It works for test data. Whether it will be efficient enough for production volumes?
In the case of duplicate (LineNumber, CreatedOn) on pairs, arbitrarily choose one. (The one with minimum JobId)
Basic idea:
Get all JobId pairs that
are at least seven days apart, by
line number.
Count the number of
rows that are more than seven days
from the left side, upto and
including the right side. (CNT)
Then we know if JobId x is not a repeat, the next not a repeat is the pair with X on
the left side, and CNT = 1
Use recursive CTE to start with the first row for each LineNumber
Recursive element uses the pair with counts to get the next row.

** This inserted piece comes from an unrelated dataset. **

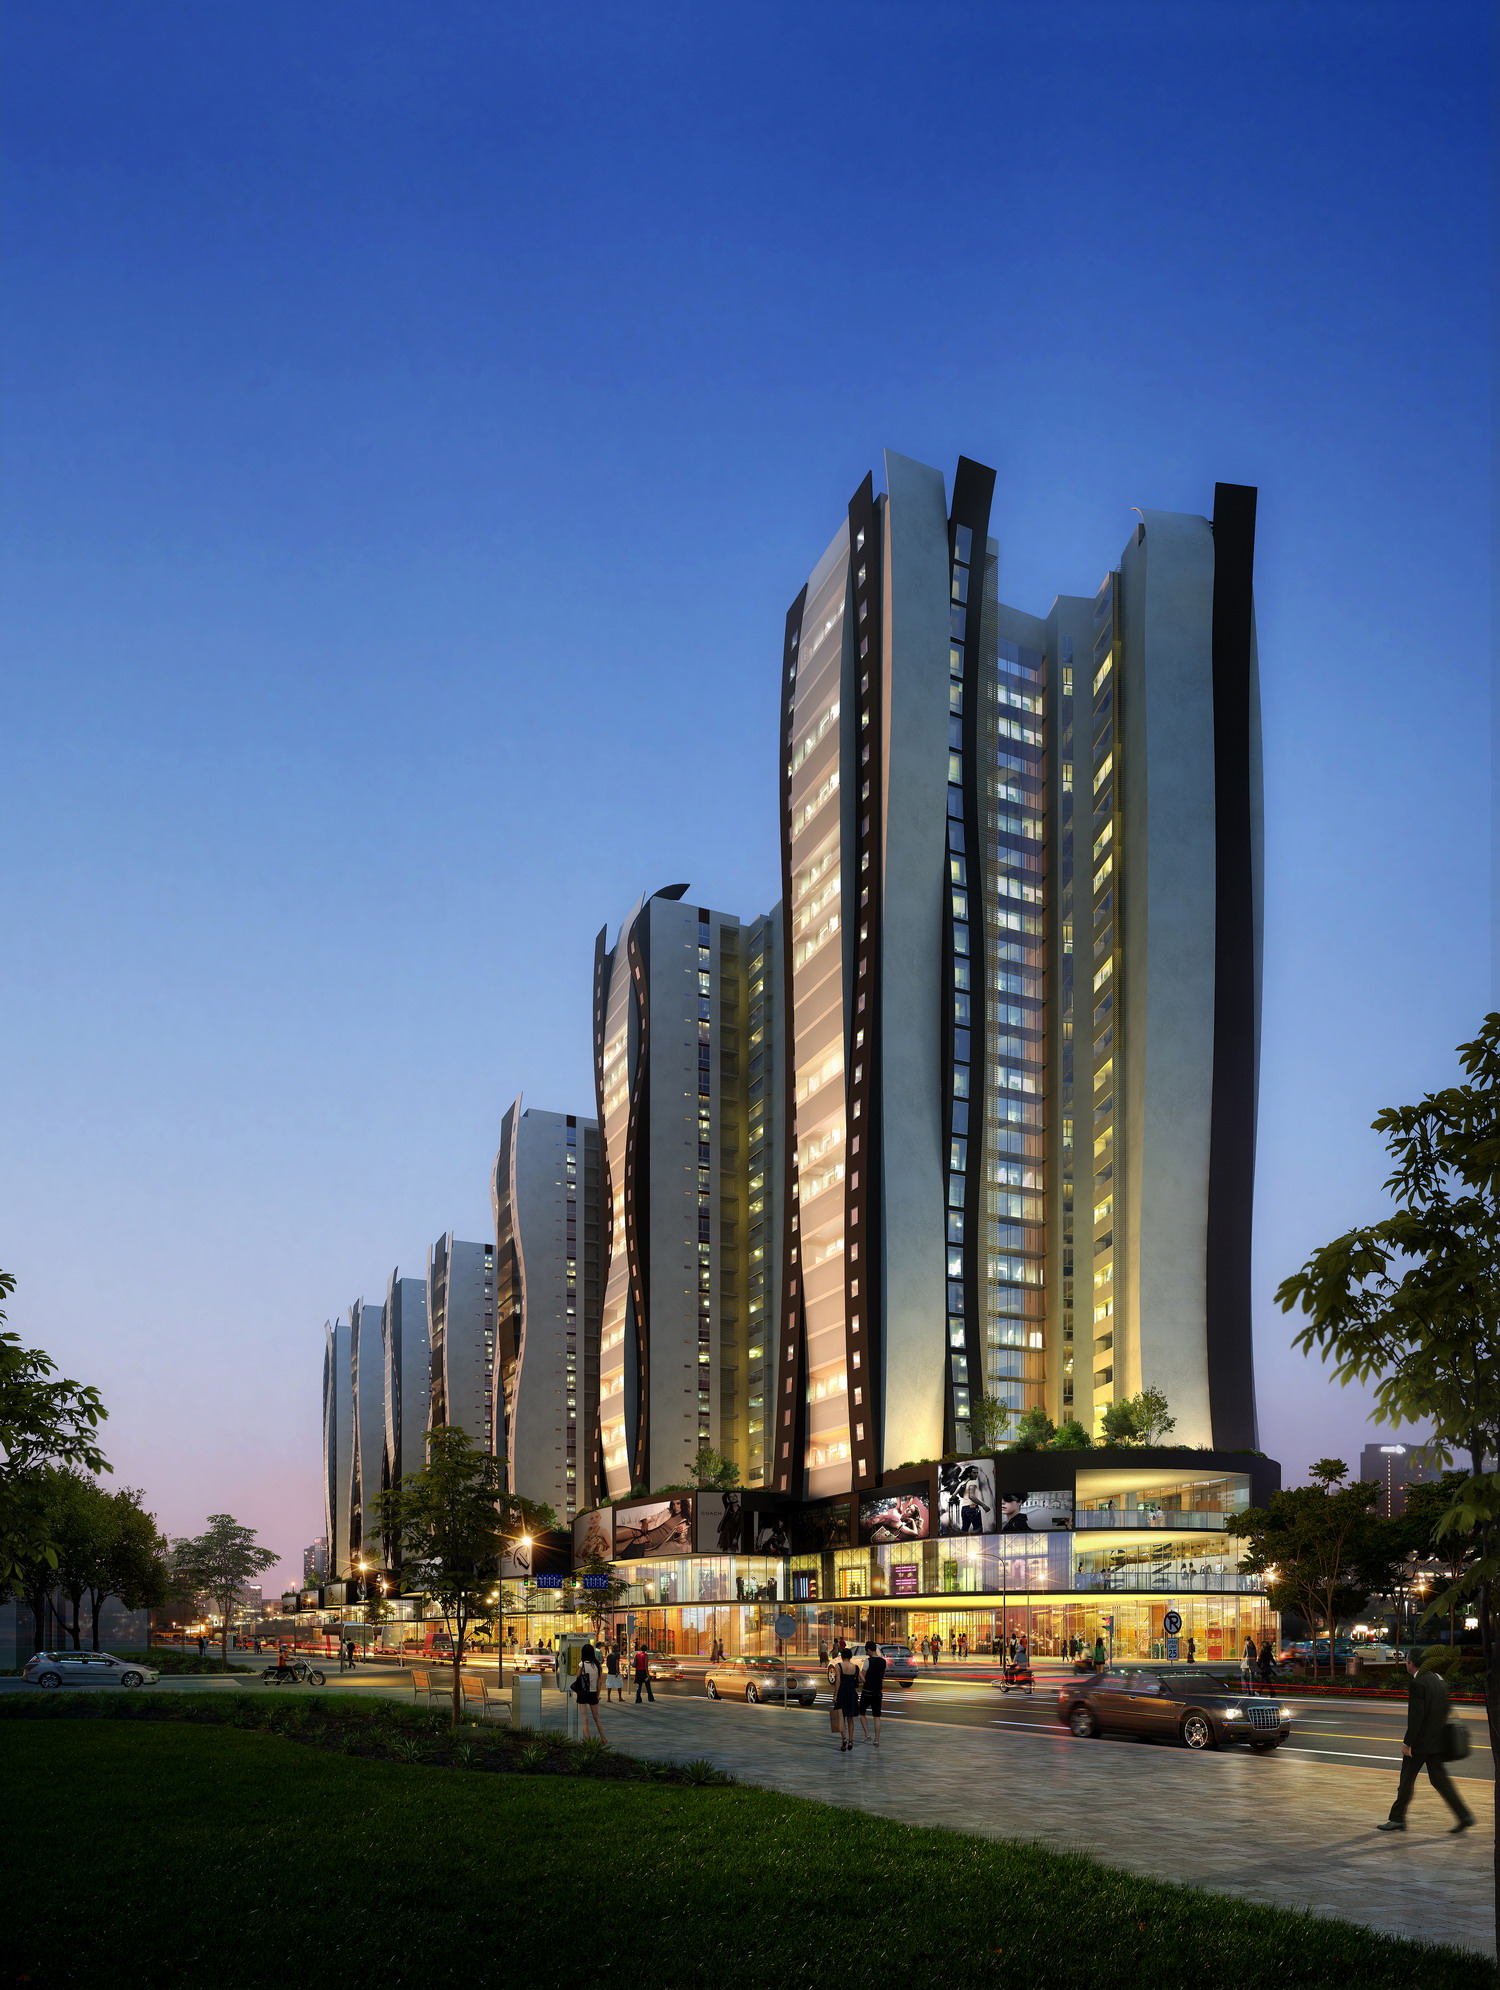 گالری عکس 3 پروژه بزرگ و چندمنظوره شهر جییوان چین  عکس برج مسکونی عکس شهرسازی عکس طراحی شهری عکس طراحی نما عکس معماری چین عکس هتل برج

Finally update, setting all IsRepeat to 0 for non-repeats and 1 for everything else.
; with AllPairsByLineNumberAtLeast7DaysApart (LineNumber
, LeftJobId
, RightJobId
, BeginCreatedOn
, EndCreatedOn) as
(select l.LineNumber
, l.JobId
, r.JobId
, dateadd(day, 7, l.CreatedOn)
, r.CreatedOn
from Job l
inner join Job r
on l.LineNumber = r.LineNumber
and dateadd(day, 7, l.CreatedOn) < r.CreatedOn
and l.JobId <> r.JobId)
-- Count the number of rows within from BeginCreatedOn
-- up to and including EndCreatedOn
-- In the case of CreatedOn = EndCreatedOn,
-- include only jobId <= jobid, to handle ties in CreatedOn
, AllPairsCount(LineNumber, LeftJobId, RightJobId, Cnt) as
(select ap.LineNumber, ap.LeftJobId, ap.RightJobId, count(*)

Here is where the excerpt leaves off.